> Collected material
↓↓↓
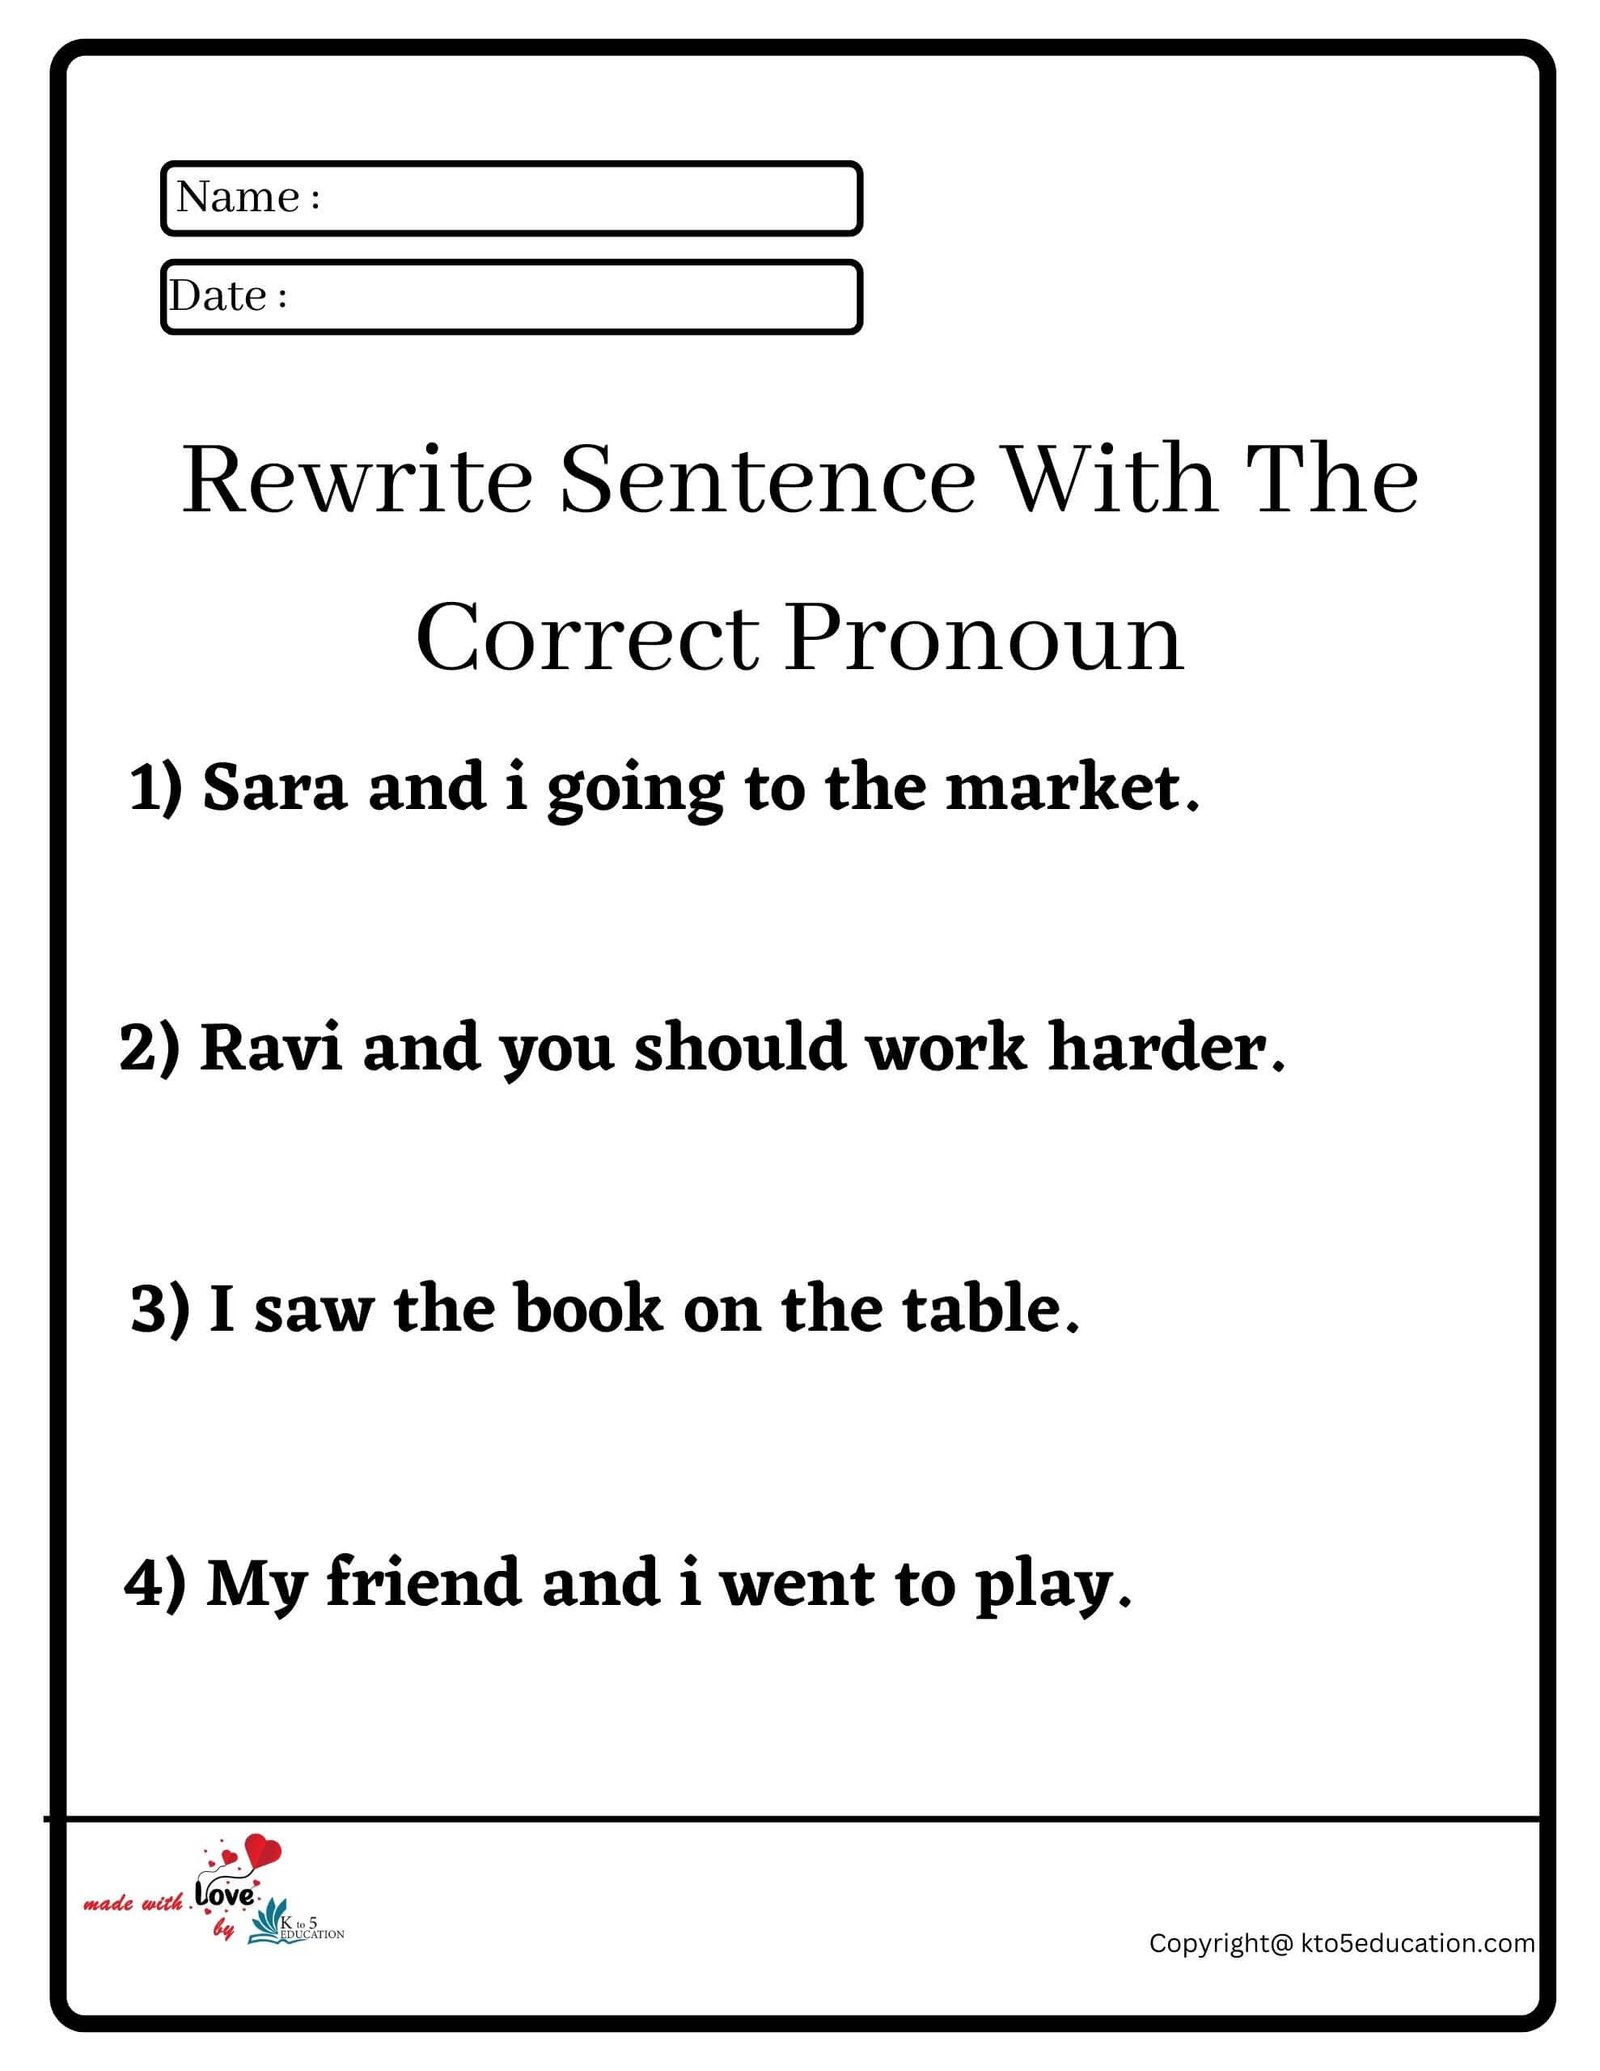 rewrite-sentence-with-the-correct-pronoun-worksheet
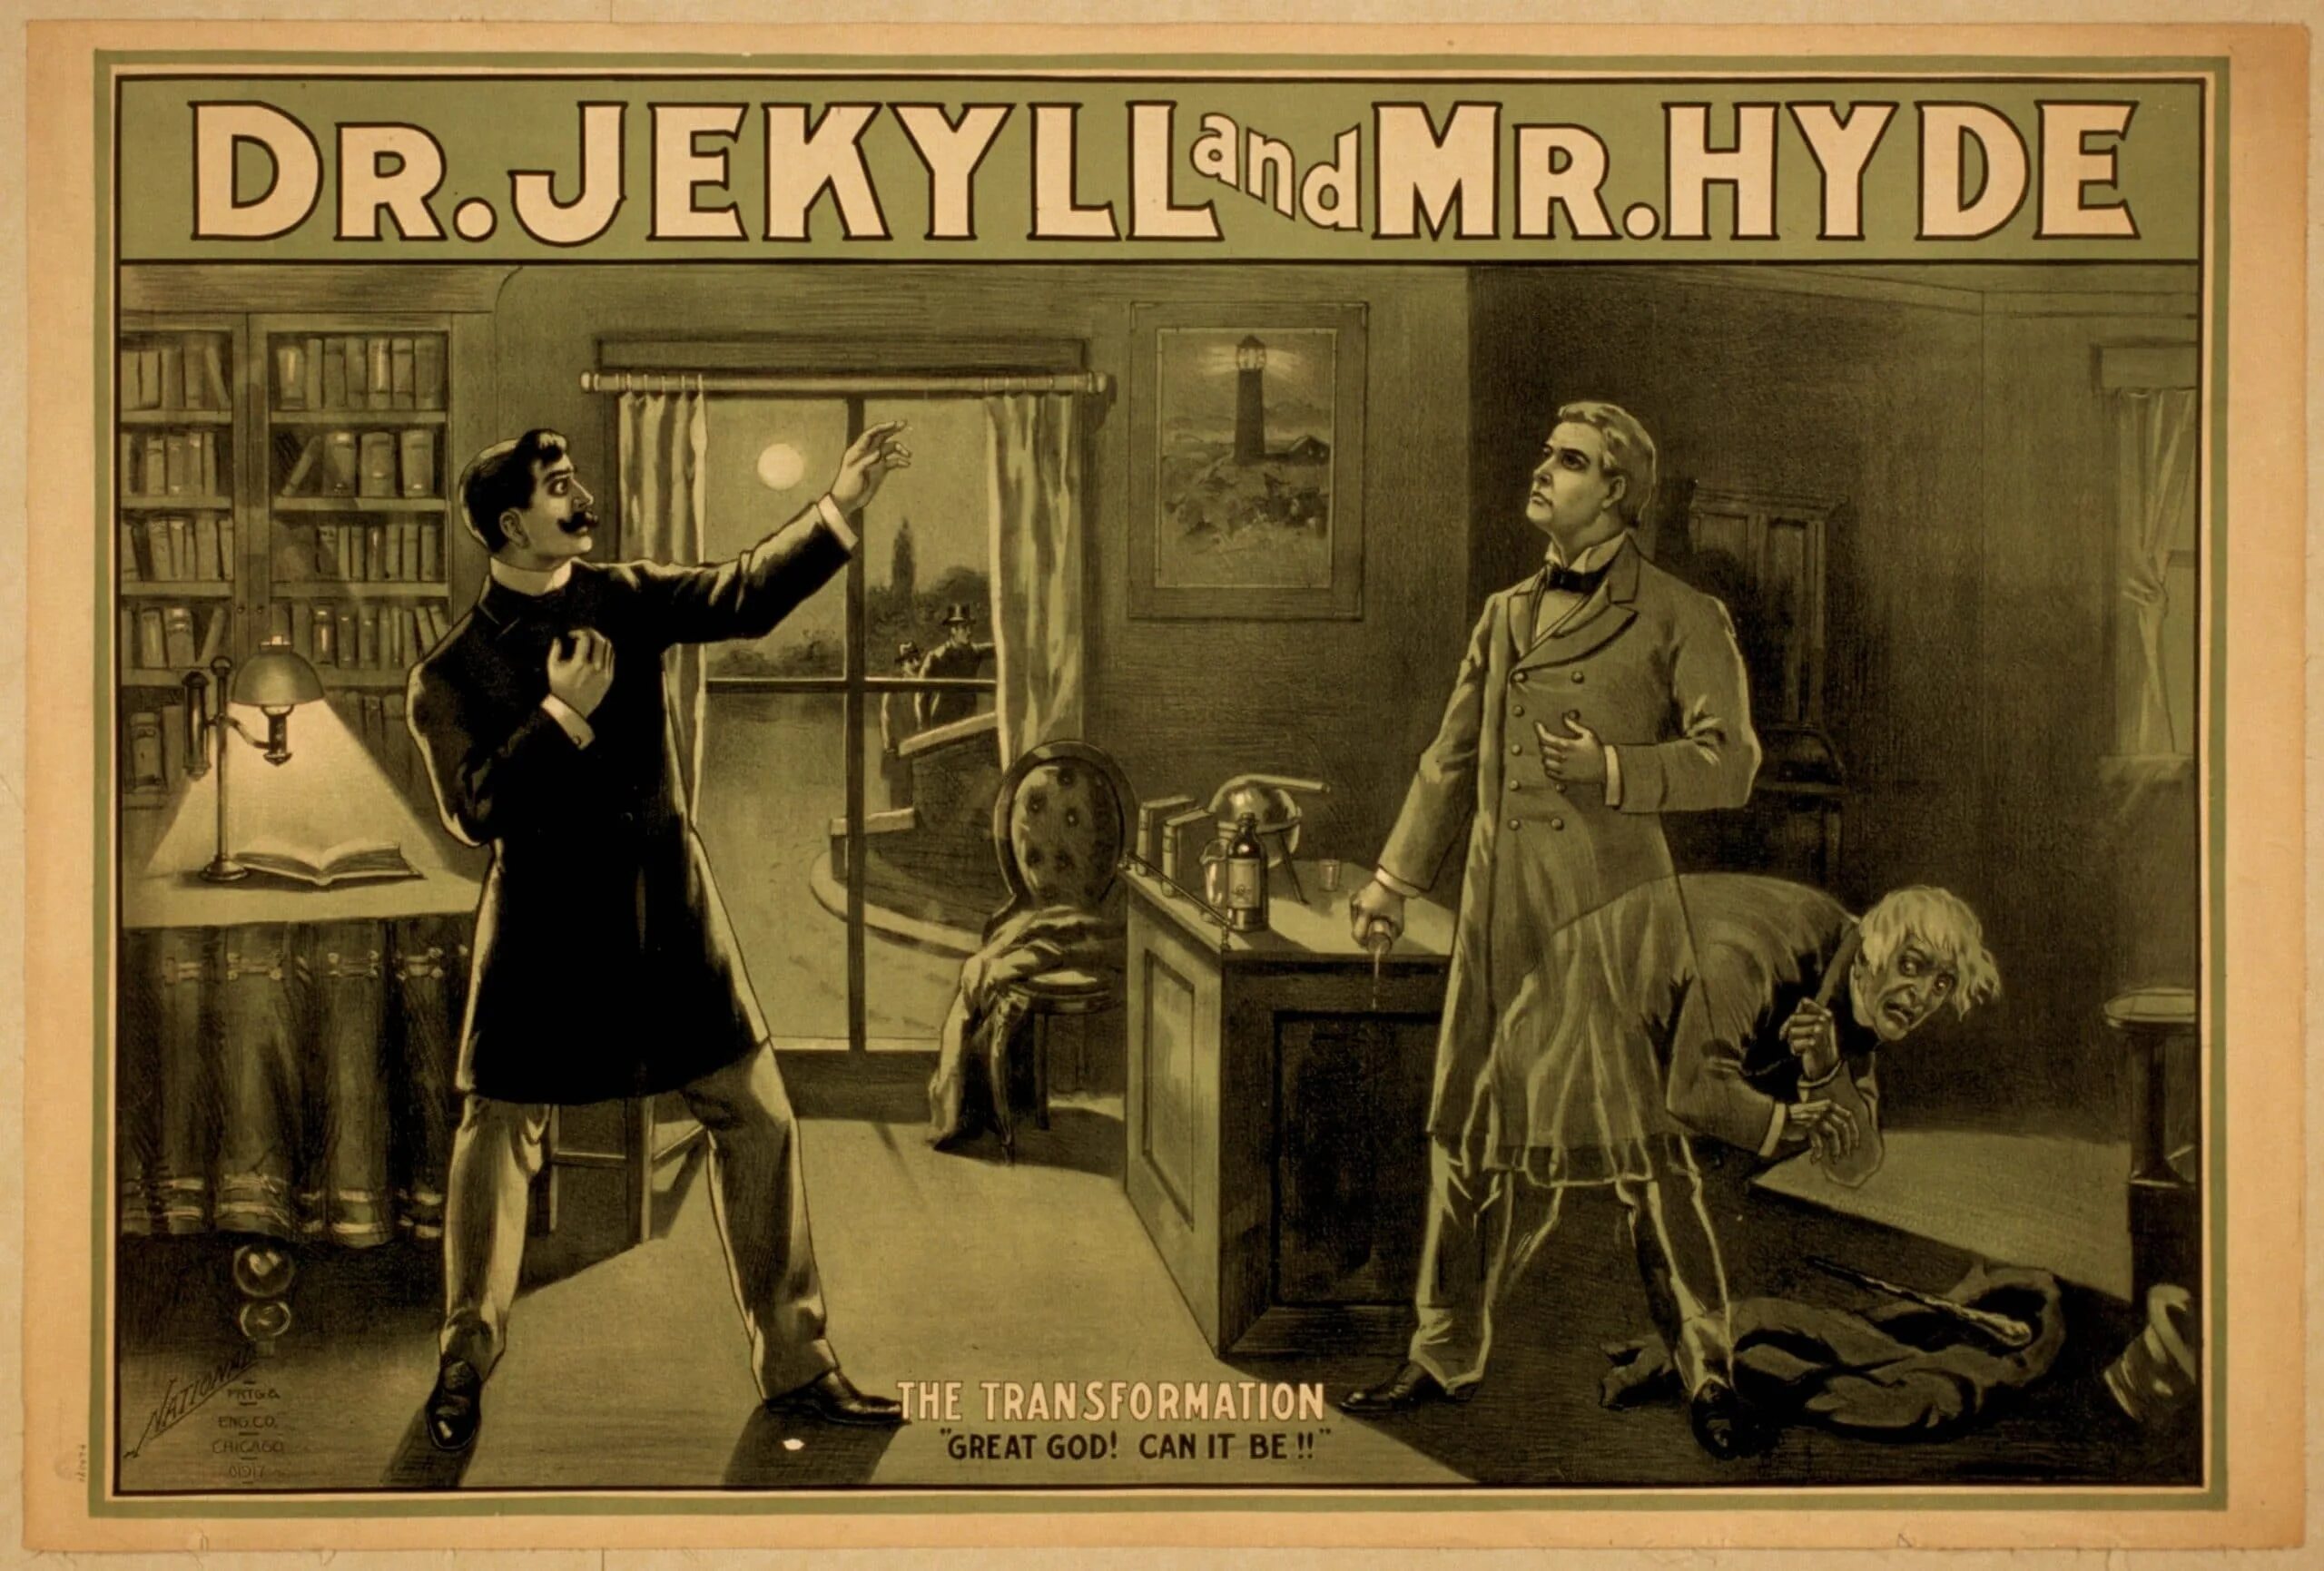 История джекила и хайда. Мистер Хайд и доктор Джекил. Стивенсон доктор Джекил 1886.
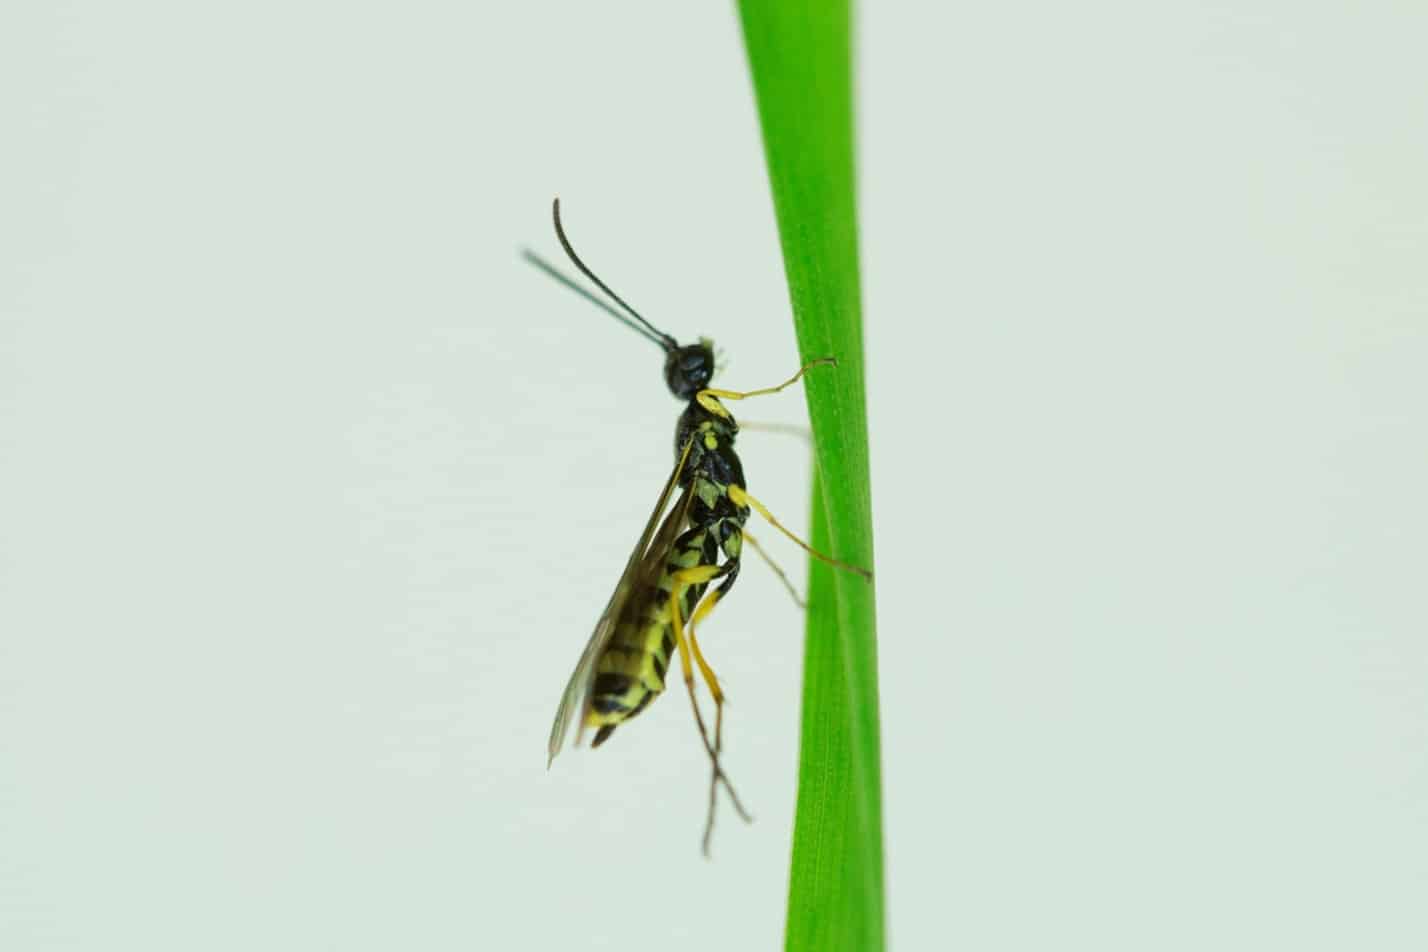 An adult sawfly
↑↑↑
> Task requirements
Each line from the one holding "История джекила и" through the end of the listing is to be output exactly, both ends included, with no other lines and the pictures left out.

> Exercise solution
 История джекила и хайда. Мистер Хайд и доктор Джекил. Стивенсон доктор Джекил 1886.
 An adult sawfly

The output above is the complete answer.